The remote Flume agent needs to have an ``AvroSource`` (or a
``ThriftSource`` if you are using a Thrift client) listening on some port.
Below is an example Flume agent configuration that's waiting for a connection
from MyApp:

.. code-block:: properties

  a1.channels = c1
  a1.sources = r1
  a1.sinks = k1

  a1.channels.c1.type = memory

  a1.sources.r1.channels = c1
  a1.sources.r1.type = avro
  # For using a thrift source set the following instead of the above line.
  # a1.source.r1.type = thrift
  a1.sources.r1.bind = 0.0.0.0
  a1.sources.r1.port = 41414

  a1.sinks.k1.channel = c1
  a1.sinks.k1.type = logger

For more flexibility, the default Flume client implementations
(``NettyAvroRpcClient`` and ``ThriftRpcClient``) can be configured with these
properties:

.. code-block:: properties

  client.type = default (for avro) or thrift (for thrift)
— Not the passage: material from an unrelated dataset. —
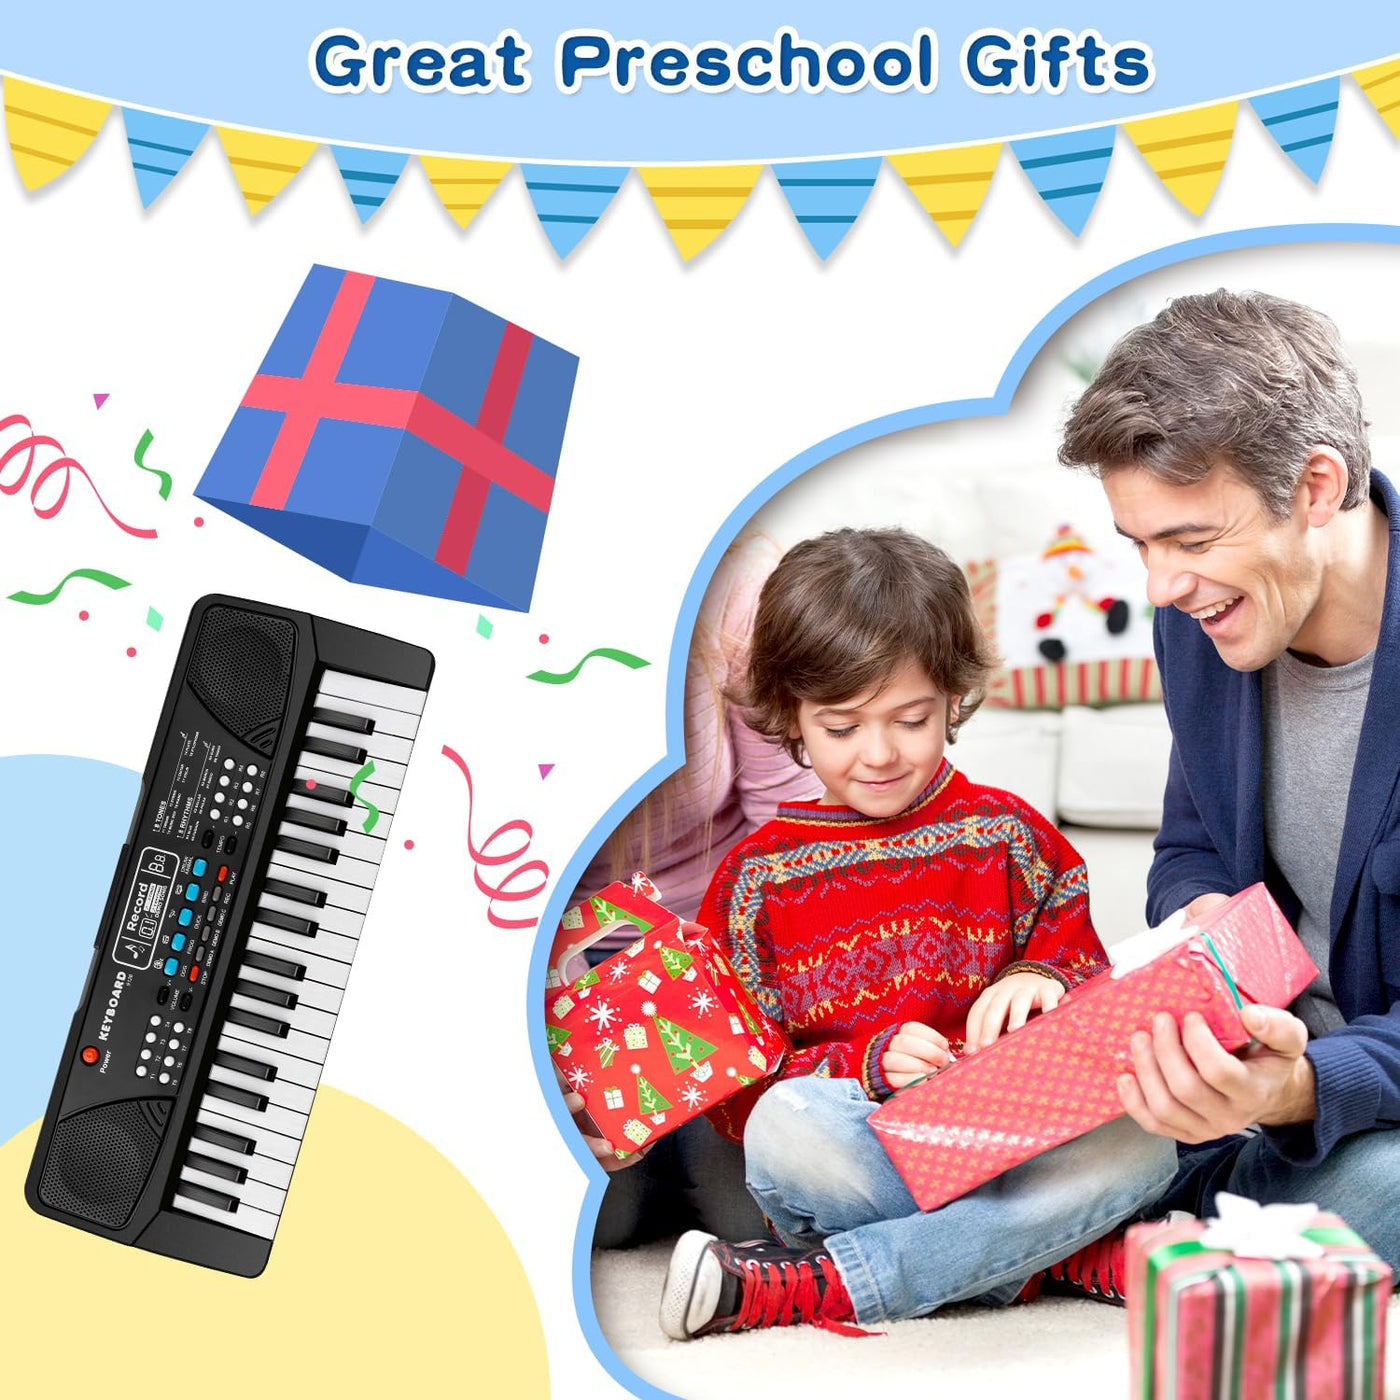 37 Key Piano for Kids Upgrade Piano Keyboard Music Toys for 3+ Year Old

  hosts = h1                           # default client accepts only 1 host
                                       # (additional hosts will be ignored)

  hosts.h1 = host1.example.org:41414   # host and port must both be specified
                                       # (neither has a default)

  batch-size = 100                     # Must be >=1 (default: 100)

  connect-timeout = 20000              # Must be >=1000 (default: 20000)

  request-timeout = 20000              # Must be >=1000 (default: 20000)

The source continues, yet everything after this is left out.